Friday, 19 March 2004 12:00 AM

The government has shelved plans to scrap hereditary peerages in the House of Lords.

The remaining 92 hereditary peers will stay in the second chamber for the rest of the current Parliament, the Lord Chancellor, Lord Falconer, has said.

There was "no point committing further legislative time to this issue at this stage," he said.

Last week's vote in the second chamber to refer the Constitutional Reform Bill to a select committee demonstrated peers were obstinately opposed to the reform of the Lord Chancellor's post and the establishment of a supreme court, Lord Falconer added.

But Labour has not given up on the plan, as the abolition of hereditary peerages will be a manifesto commitment at the next general election.

Cabinet ministers took the provisional decision at Downing Street earlier on Wednesday.

The final decision will be left to a Cabinet sub-committee next week.

Last night, solicitor general, Harriet Harman, said the government would eventually win out.

"We have decided that you cannot have, in a modern democracy's legislature, people who are there by virtue of that fact that their great-great grandfather had land which were helpful to the monarch.

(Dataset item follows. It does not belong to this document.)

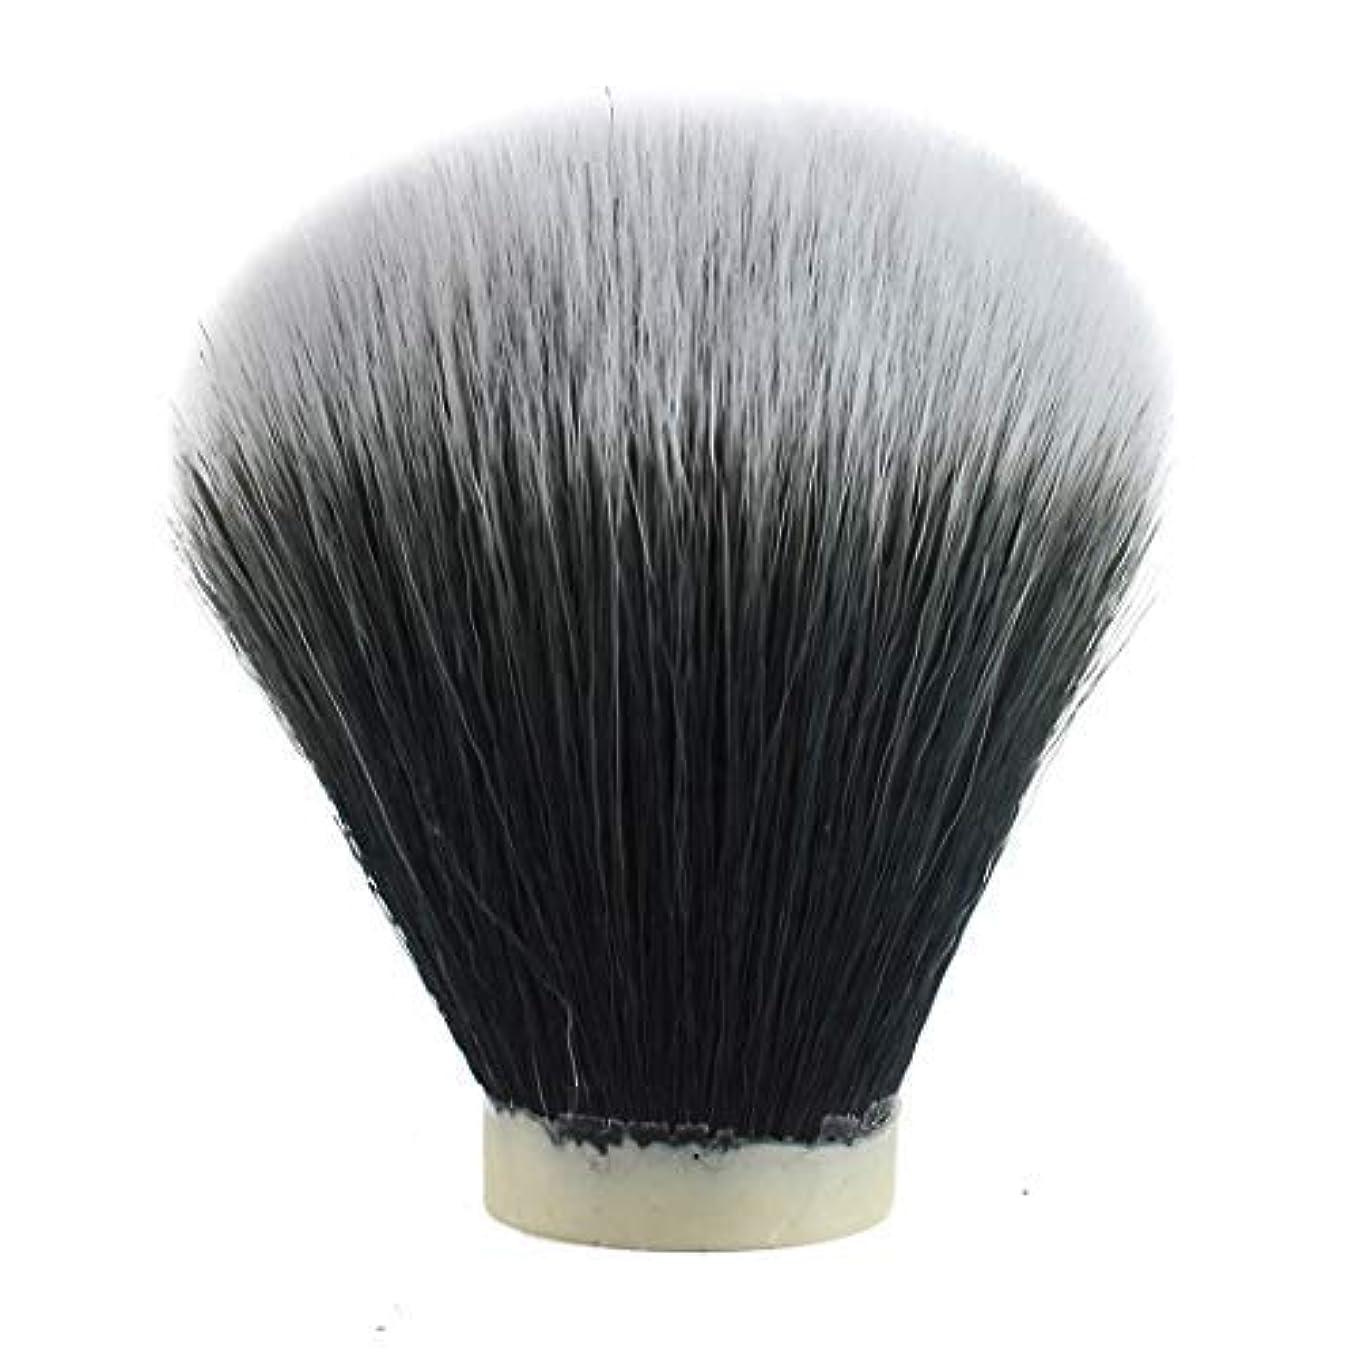 検索エンジンマーケティングビリーヤギアルバムTuxedo Synthetic Hair Brush Shaving Knot (24mm) [並行輸入品]

"We are sticking with the idea that we are going to reform the House of Lords, we are going to get rid of hereditary peers."

Shadow attorney general, Dominic Grieve, said he was " pleased" with the backdown as the reform proposals were "completely half baked."

"It is a shambles and a disgrace," he said.

"The reason why the bill was defeated was not because of the Conservatives, but because it absolutely failed to command any support right across the House of Lords from the cross-benchers and, indeed, a number of Liberal Democrat and Labour peers."